The difference is that RDMA communication requires explicitly binding to a
specified RDMA device before communication can occur, and most operations are
asynchronous in nature. Asynchronous communication events on an rdma_cm_id
are
reported through the associated event channel. If the channel parameter is NULL
,
the rdma_cm_id
will be placed into synchronous operation. While operating
synchronously, calls that result in an event will block until the operation
completes. The event will be returned to the user through the rdma_cm_id
structure, and be available for access until another rdma_cm
call is made.
Users must release the rdma_cm_id
by calling rdma_destroy_id
.
struct rdma_cm_id {
struct ibv_context *verbs;
struct rdma_event_channel *channel;
void *context;
struct ibv_qp *qp;
struct rdma_route route;
enum rdma_port_space ps;
uint8_t port_num;
struct rdma_cm_event *event;
struct ibv_comp_channel *send_cq_channel;
struct ibv_cq *send_cq;
struct ibv_comp_channel *recv_cq_channel;
struct ibv_cq *recv_cq;
struct ibv_srq *srq;
struct ibv_pd *pd;
enum ibv_qp_type qp_type;
};
Create RDMA connection id:
int rdma_create_id(struct rdma_event_channel *channel,
struct rdma_cm_id **id,
void *context,
enum rdma_port_space ps);
IB Verbs Objects
Protection Domain (PD)
ibv_pd
: High-level container for other objects
Contains the work queues, memory regions, etc. Ensures that work queues can only access memory regions residing in the same protection domain. Applies to both local and remote operations. An incoming request can only access memory that it’s allowed to.
struct ibv_pd {
struct ibv_context *context;
uint32_t handle;
};
-
Allocate PD: https://www.rdmamojo.com/2012/08/24/ibv_alloc_pd/
-
Deallocate PD: https://www.rdmamojo.com/2012/08/31/ibv_dealloc_pd/
I/O Completion Channel (CC)
ibv_comp_channel
: Completion event channel for I/O events
Completion event channel (CC) is an object that helps handling Work Completions in a userspace process using event mode rather than polling mode.
struct ibv_comp_channel {
struct ibv_context *context;
int fd;
int refcnt;
};
Completion Queue (CQ)
ibv_cq
: Queue that receives completion notifications for send and receive
work requests; may be attached to one or more work queues.
Each work queue (WQ) is attached to a CQ. You can have multiple WQs attached to the same CQ if you want.
When an outstanding Work Request, within a Send or Receive Queue, is completed, a Work Completion is being added to the CQ of that Work Queue.
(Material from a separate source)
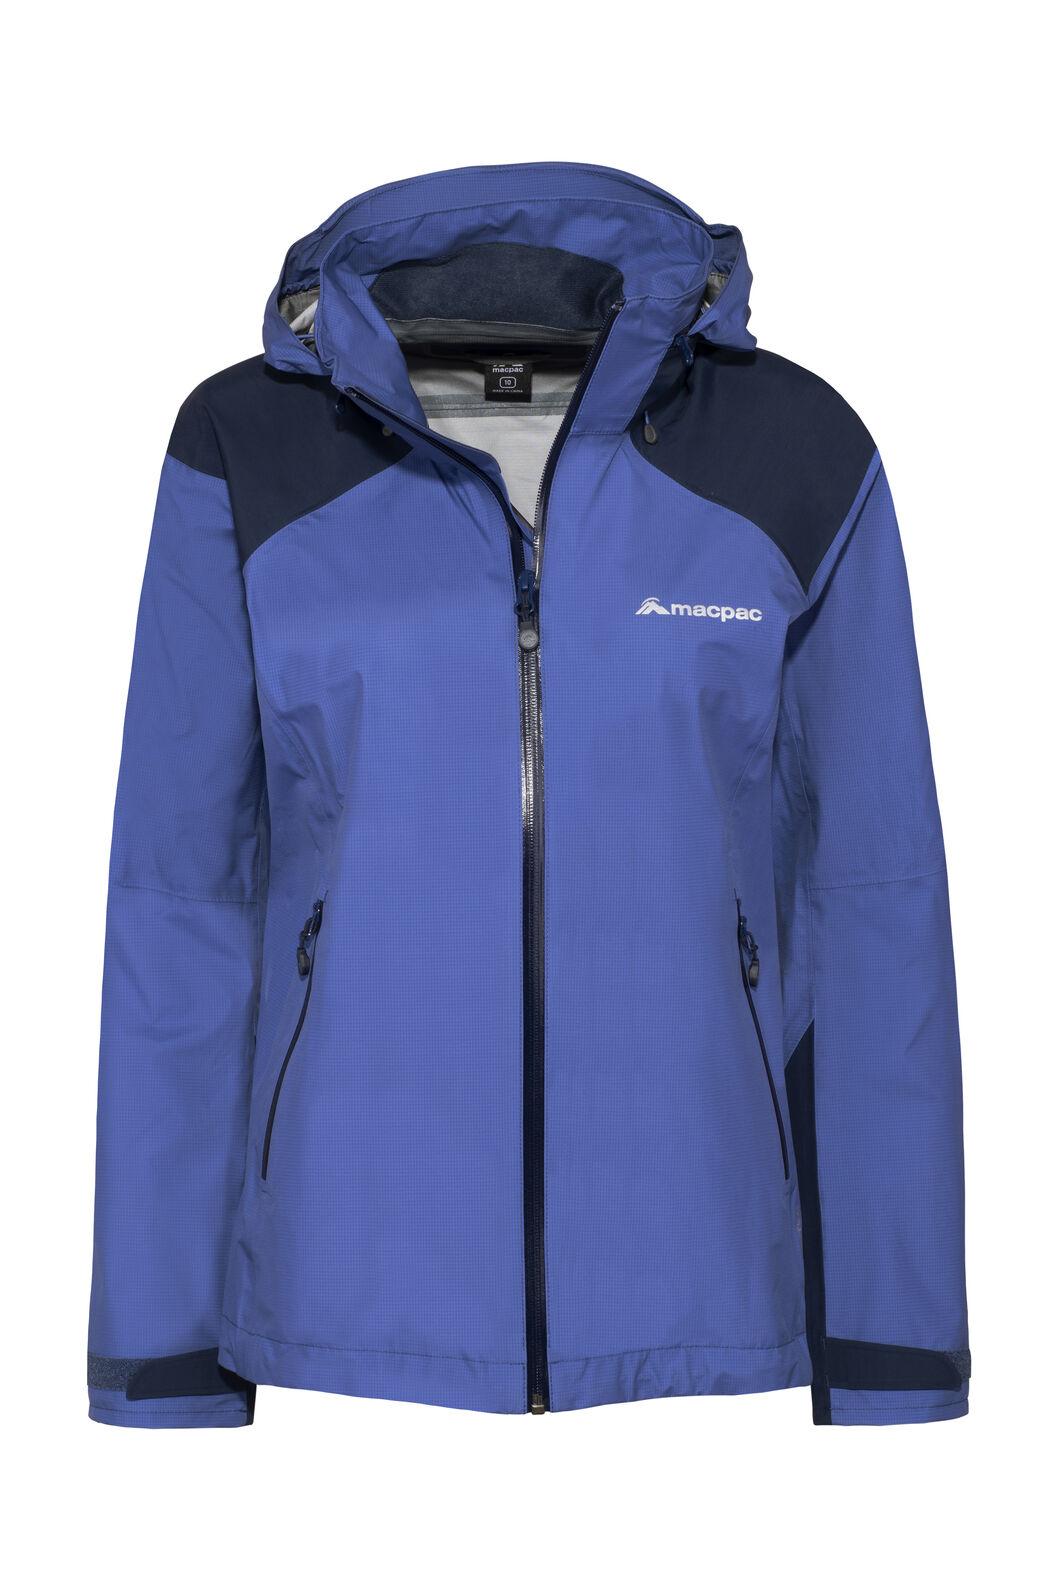 Macpac Traverse Pertex® Rain Jacket — Women's, Marlin/Black Iris, hi-res

This Work Completion indicates that the outstanding Work Request has been completed (and no longer considered outstanding) and provides details on it (status, direction, opcode, etc.).
A single CQ can be shared for sending, receiving, and sharing across multiple QPs. The Work Completion holds the information to specify the QP number and the Queue (Send or Receive) that it came from.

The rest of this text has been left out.